As used herein, “a” or “an” also may refer to “at least one” or “one or more.” Also, the use of “or” is inclusive, such that the phrase “A or B” is true when “A” is true, “B” is true, or both “A” and “B” are true. Further, unless otherwise required by context, singular terms shall include pluralities and plural terms shall include the singular.

A “system” sets forth a set of components, real or abstract, comprising a whole where each component interacts with or is related to at least one other component within the whole.

Mass Spectrometry Platforms

Various embodiments of mass spectrometry platform 100 can include components as displayed in the block diagram of FIG. 1. In various embodiments, elements of FIG. 1 can be incorporated into mass spectrometry platform 100. According to various embodiments, mass spectrometer 100 can include an ion source 102, a mass analyzer 104, an ion detector 106, and a controller 108.

In various embodiments, the ion source 102 generates a plurality of ions from a sample. The ion source can include, but is not limited to, a matrix assisted laser desorption/ionization (MALDI) source, electrospray ionization (ESI) source, atmospheric pressure chemical ionization (APCI) source, atmospheric pressure photoionization source (APPI), inductively coupled plasma (ICP) source, electron ionization source, chemical ionization source, photoionization source, glow discharge ionization source, thermospray ionization source, and the like.

In various embodiments, the mass analyzer 104 can separate ions based on a mass to charge ratio of the ions. For example, the mass analyzer 104 can include a quadrupole mass filter analyzer, a quadrupole ion trap analyzer, a time-of-flight (TOF) analyzer, an electrostatic trap (e.g., ORBITRAP) mass analyzer, Fourier transform ion cyclotron resonance (FT-ICR) mass analyzer, and the like. In various embodiments, the mass analyzer 104 can also be configured to fragment the ions using collision induced dissociation (CID) electron transfer dissociation (ETD), electron capture dissociation (ECD), photo induced dissociation (PID), surface induced dissociation (SID), and the like, and further separate the fragmented ions based on the mass-to-charge ratio.

In various embodiments, the ion detector 106 can detect ions. For example, the ion detector 106 can include an electron multiplier, a Faraday cup, and the like. Ions leaving the mass analyzer can be detected by the ion detector. In various embodiments, the ion detector can be quantitative, such that an accurate count of the ions can be determined.

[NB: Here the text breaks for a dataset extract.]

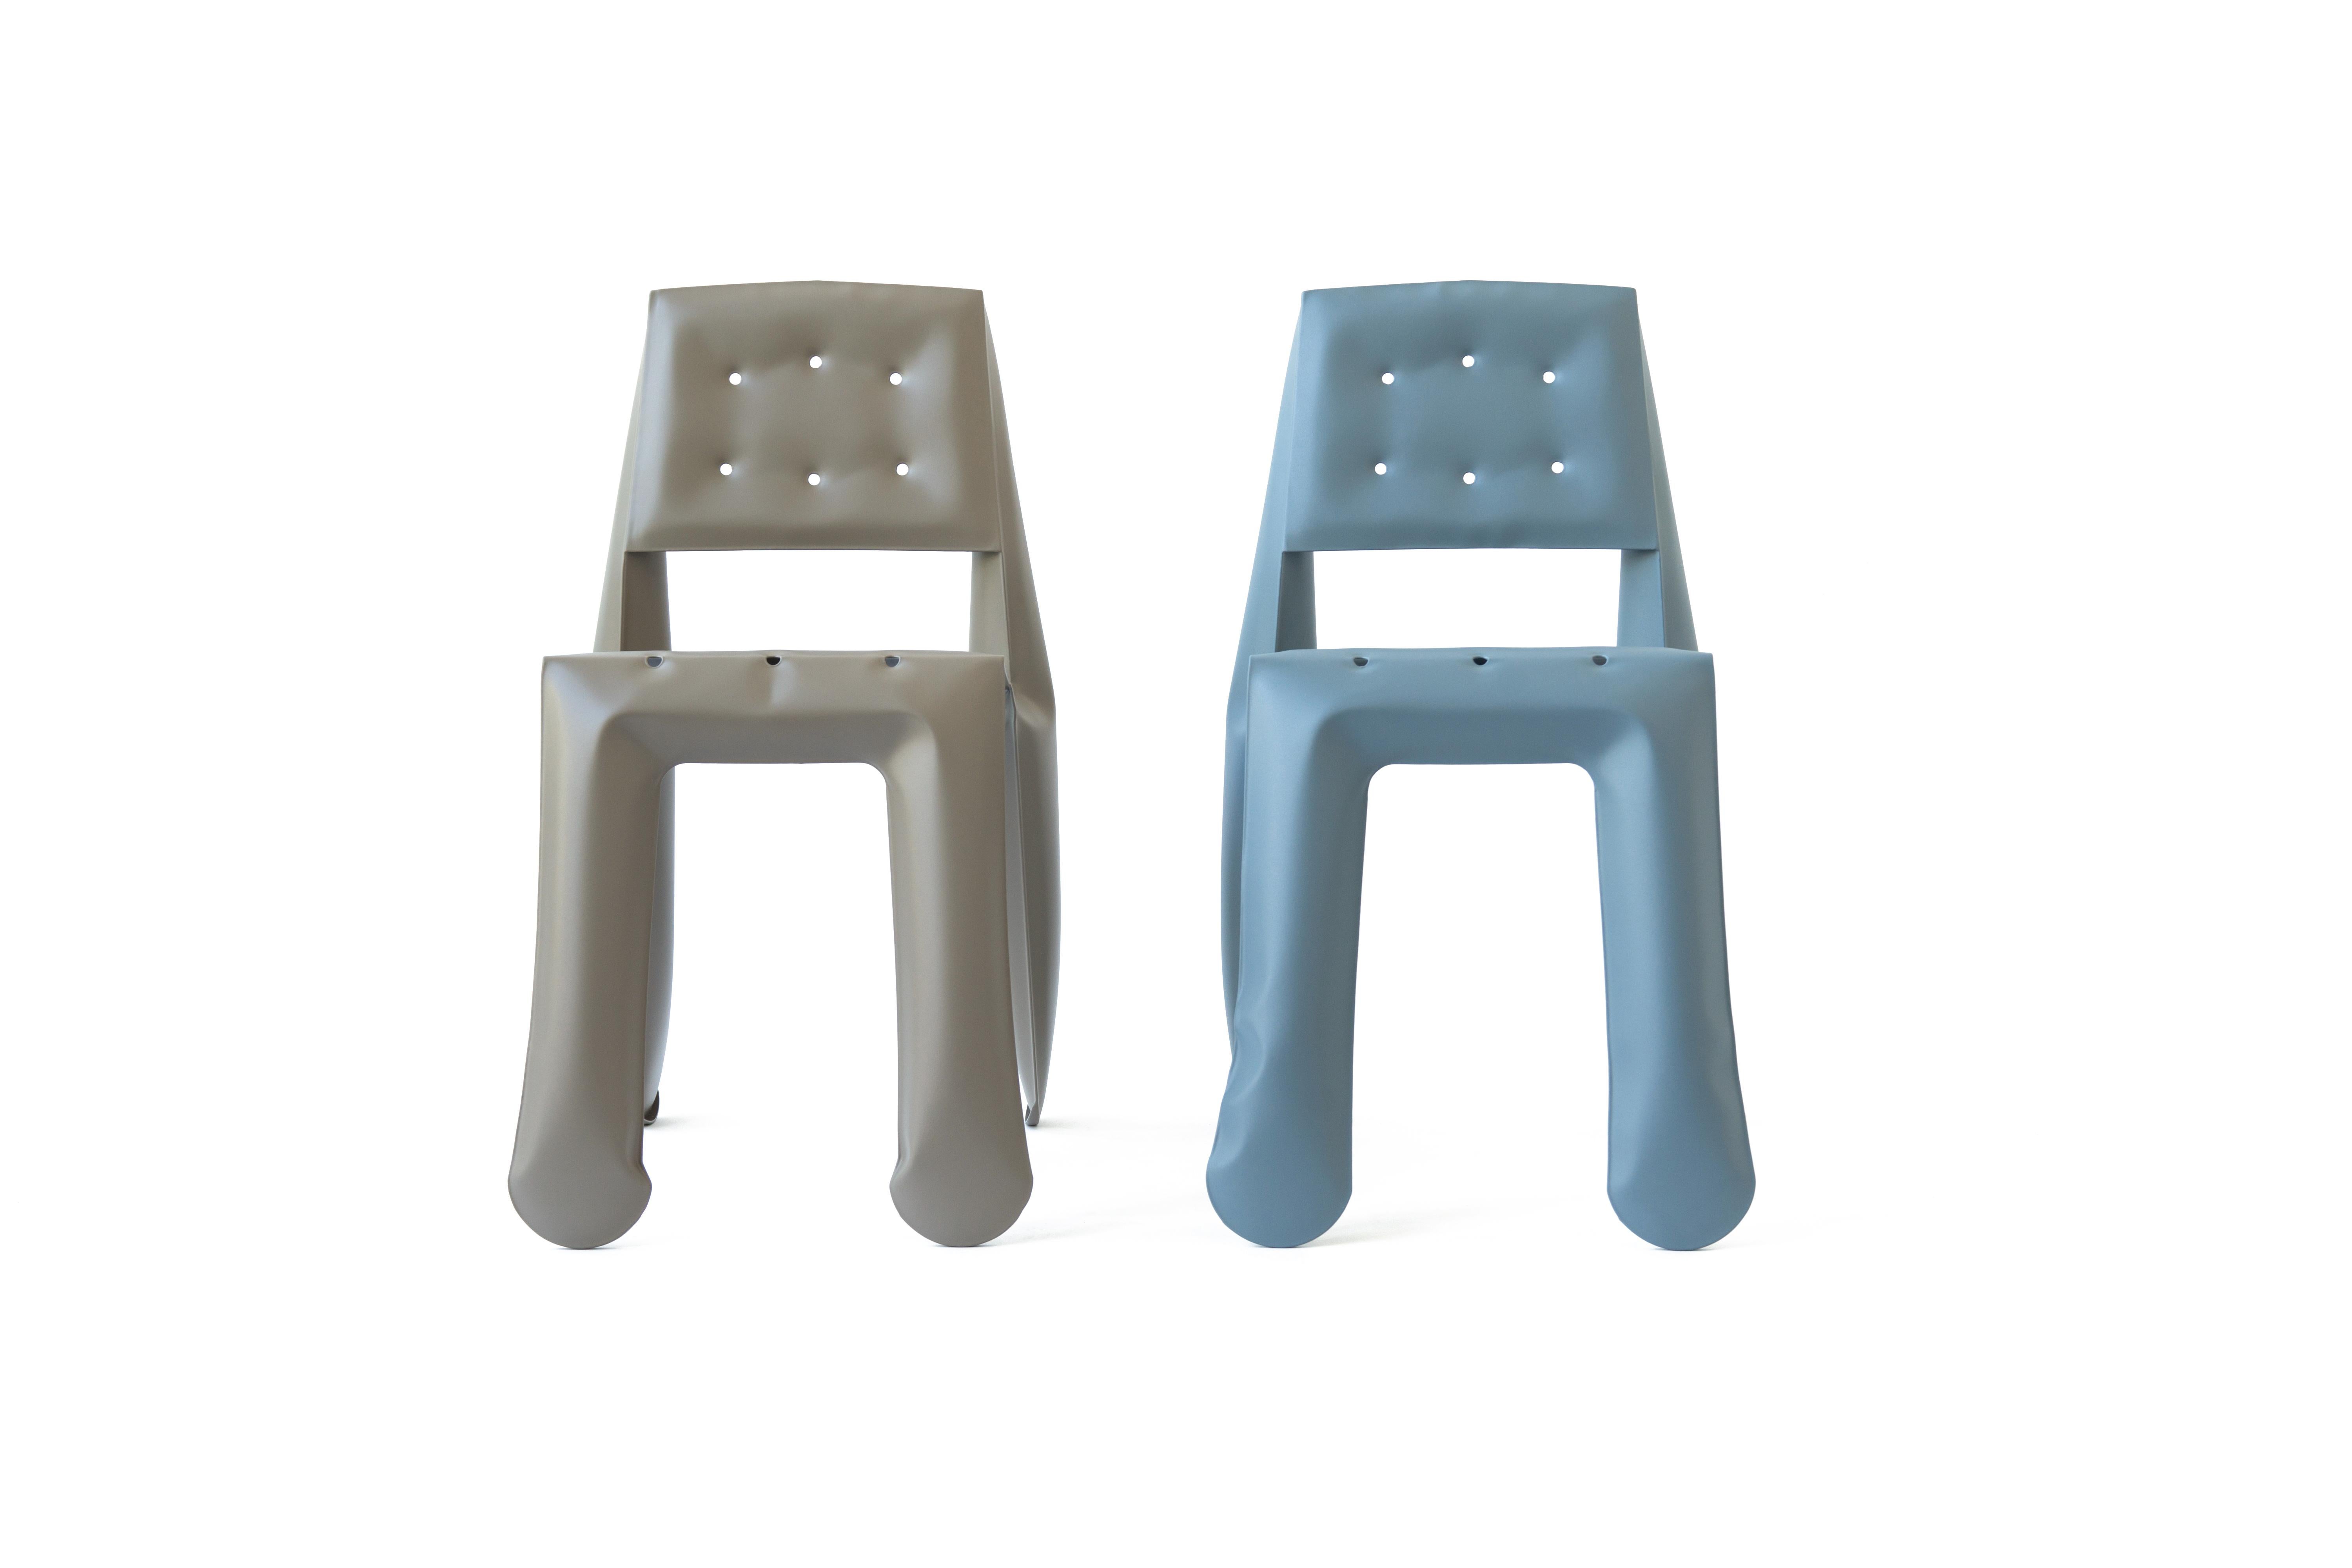 Umbra Grey Carbon Steel Chippensteel 0.5 Sculptural Chair by Zieta For Sale 3

In various embodiments, the controller 108 can communicate with the ion source 102, the mass analyzer 104, and the ion detector 106. For example, the controller 108 can configure the ion source or enable/disable the ion source. Additionally, the controller 108 can configure the mass analyzer 104 to select a particular mass range to detect. Further, the controller 108 can adjust the sensitivity of the ion detector 106, such as by adjusting the gain. Additionally, the controller 108 can adjust the polarity of the ion detector 106 based on the polarity of the ions being detected. For example, the ion detector 106 can be configured to detect positive ions or be configured to detected negative ions.

Vacuum System

FIG. 2 is cross section view illustrating an exemplary vacuum system 200 for a mass spectrometer. Vacuum system 200 can include mass spectrometer vacuum manifold 202 and high vacuum pump housing 204.

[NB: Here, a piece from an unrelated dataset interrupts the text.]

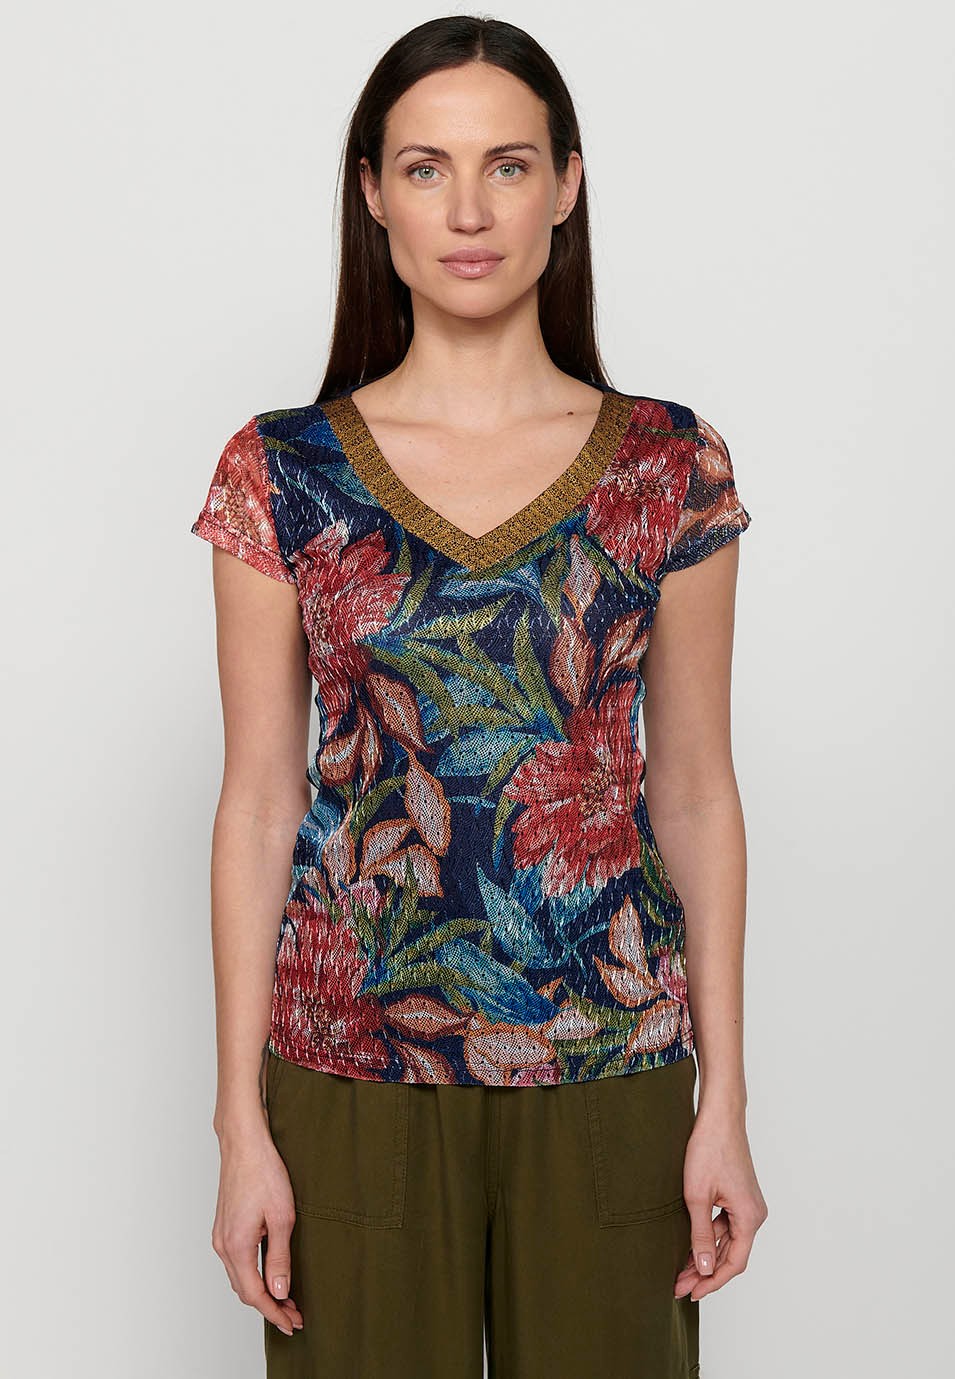 Samarreta de màniga curta, coll bec i estampat floral multicolor per a dona

In various embodiments, the mass spectrometer vacuum manifold 202 can define ion source chamber 206 and high vacuum chamber 208. The ion source chamber 206 can house an ion source, such as ion source 102 of FIG. 1, and the high vacuum chamber 208 can house a mass analyzer, such as mass analyzer 104 of FIG. 1, and ion detector, such as ion detector 108 of FIG. 1. In other embodiments, the mass spectrometer vacuum manifold 202 can define one chamber and house the ion source, mass analyzer, and ion detector in the one chamber or have additional chambers such that the ion source, mass analyzer, and ion detector can be housed in separate chambers. In various embodiments, the mass spectrometer vacuum manifold 202 can be a monolithic manifold, such as a manifold machined from a single block of material, or a multi-component manifold, such as a manifold assembled from multiple pieces of material.

Ion source chamber 206 and high vacuum chamber 208 can be separated by a baffle 210 having an aperture 212 therein to connect ion source chamber 206 and high vacuum chamber 208.

High vacuum pump housing 204 can contain high vacuum pump 214. High vacuum chamber 208 can be coupled to high vacuum pump housing 204 via outlet 216.

Methods

FIG. 3 is flow diagram illustrating a method 300 of applying a conductive layer to the interior of the ion source to improve robustness. At 302, a sample can be ionized in an ion source of a mass spectrometer, such as mass spectrometer 100, and the sample can be analyzed.

At 304, the flow path to a high vacuum pump, such as a turbo molecular pump, can be partially or fully closed to increase pressure in the ion source to a pressure suitable for sputtering, such as at least about 1×10⁻³ Torr, preferably at least about 0.1 Torr. In various embodiments, closing the flow path can include at least partially closing the entrance to the high vacuum pump, such as by closing a valve or moving a plate to block at least a portion of the entrance, such as outlet 216 of FIG. 2. In other embodiments, the flow path can be closed at any point along the flow path between the ion source and the high vacuum pump. In some embodiments, it can include isolating the ion source from other parts of the mass spectrometer to maintain vacuum in the rest of the mass spectrometer, such as by closing aperture 212 of FIG. 2. At 306, a flow of sputtering gas can be provided to the ion source. The sputtering gas can include argon, helium, neon, hydrogen, nitrogen, krypton, xenon, or any combination thereof.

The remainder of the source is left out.